The term 'race' or 'genus' is used (1) if generation of things which have the same form is continuous, e.g. 'while the race of men lasts' means 'while the generation of them goes on continuously'.-(2) It is used with reference to that which first brought things into existence; for it is thus that some are called Hellenes by race and others Ionians, because the former proceed from Hellen and the latter from Ion as their first begetter. And the word is used in reference to the begetter more than to the matter, though people also get a race-name from the female, e.g. 'the descendants of Pyrrha'.-(3) There is genus in the sense in which 'plane' is the genus of plane figures and solid' of solids; for each of the figures is in the one case a plane of such and such a kind, and in the other a solid of such and such a kind; and this is what underlies the differentiae.

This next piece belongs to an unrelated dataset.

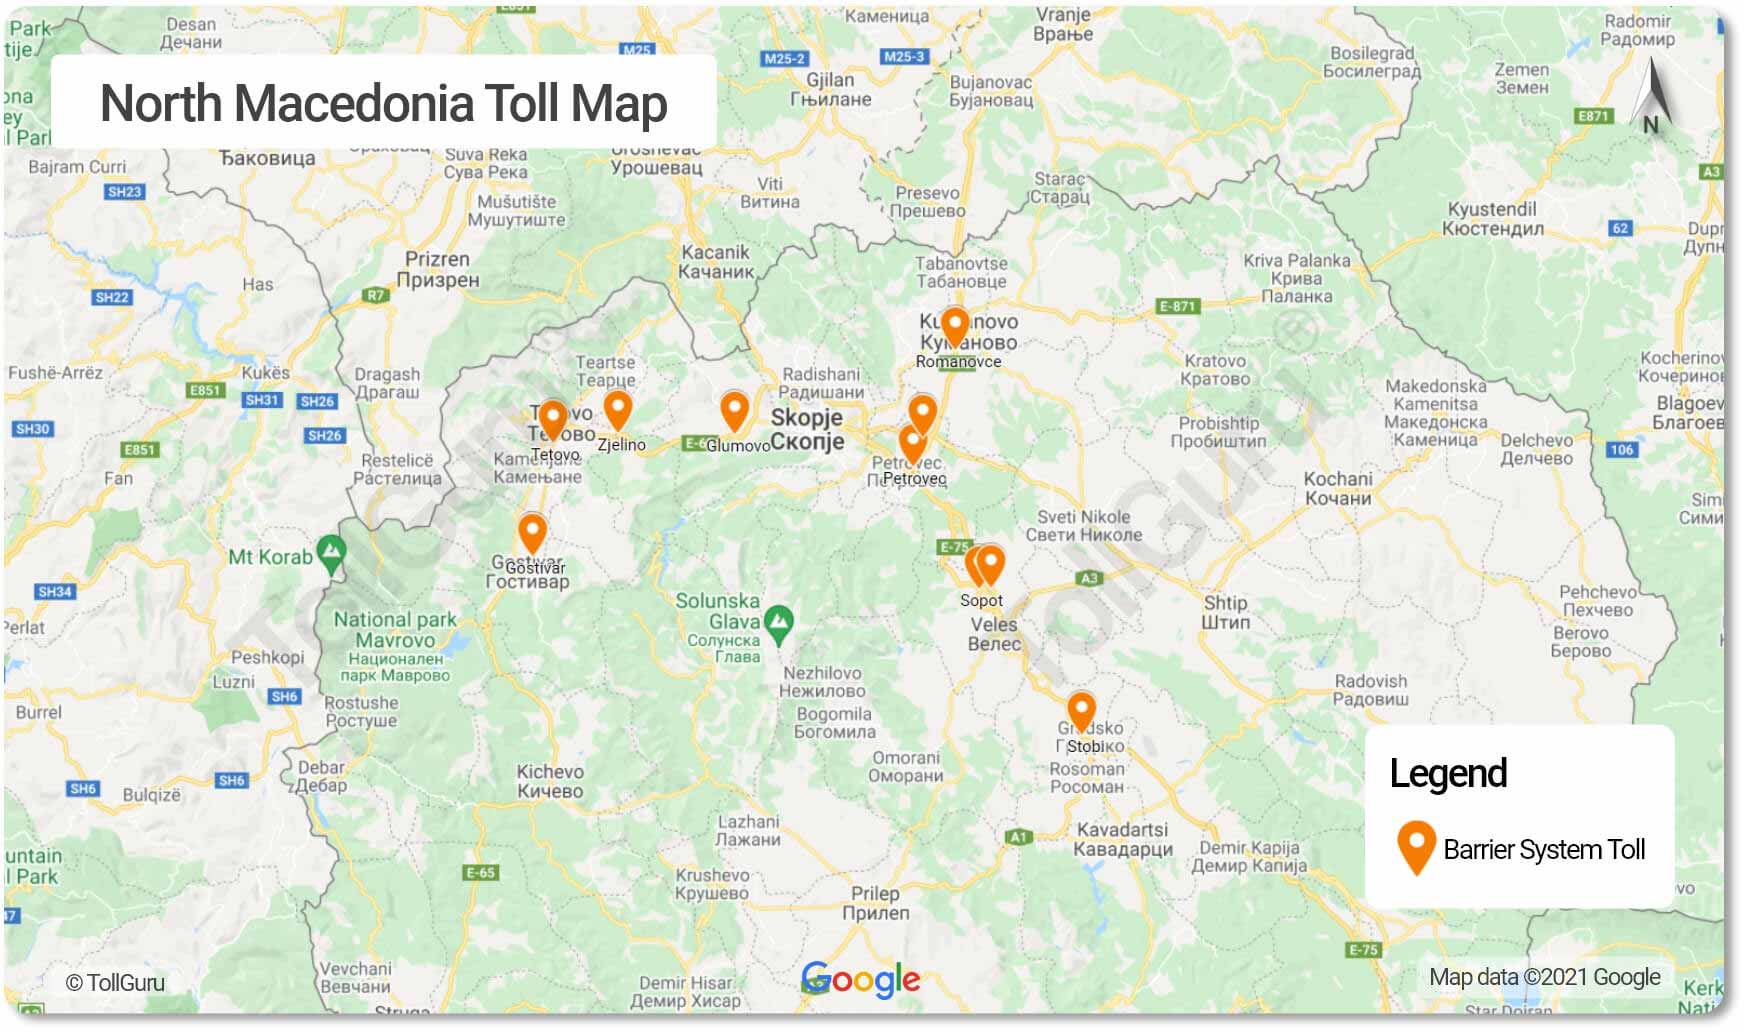 The toll plazas in North Macedonia for all the motorways including A2, A1, and A4 where tolls must be paid in cash only.

Again (4) in definitions the first constituent element, which is included in the 'what', is the genus, whose differentiae the qualities are said to be 'Genus' then is used in all these ways, (1) in reference to continuous generation of the same kind, (2) in reference to the first mover which is of the same kind as the things it moves, (3) as matter; for that to which the differentia or quality belongs is the substratum, which we call matter.

Those things are said to be 'other in genus' whose proximate substratum is different, and which are not analysed the one into the other nor both into the same thing (e.g. form and matter are different in genus); and things which belong to different categories of being (for some of the things that are said to 'be' signify essence, others a quality, others the other categories we have before distinguished); these also are not analysed either into one another or into some one thing.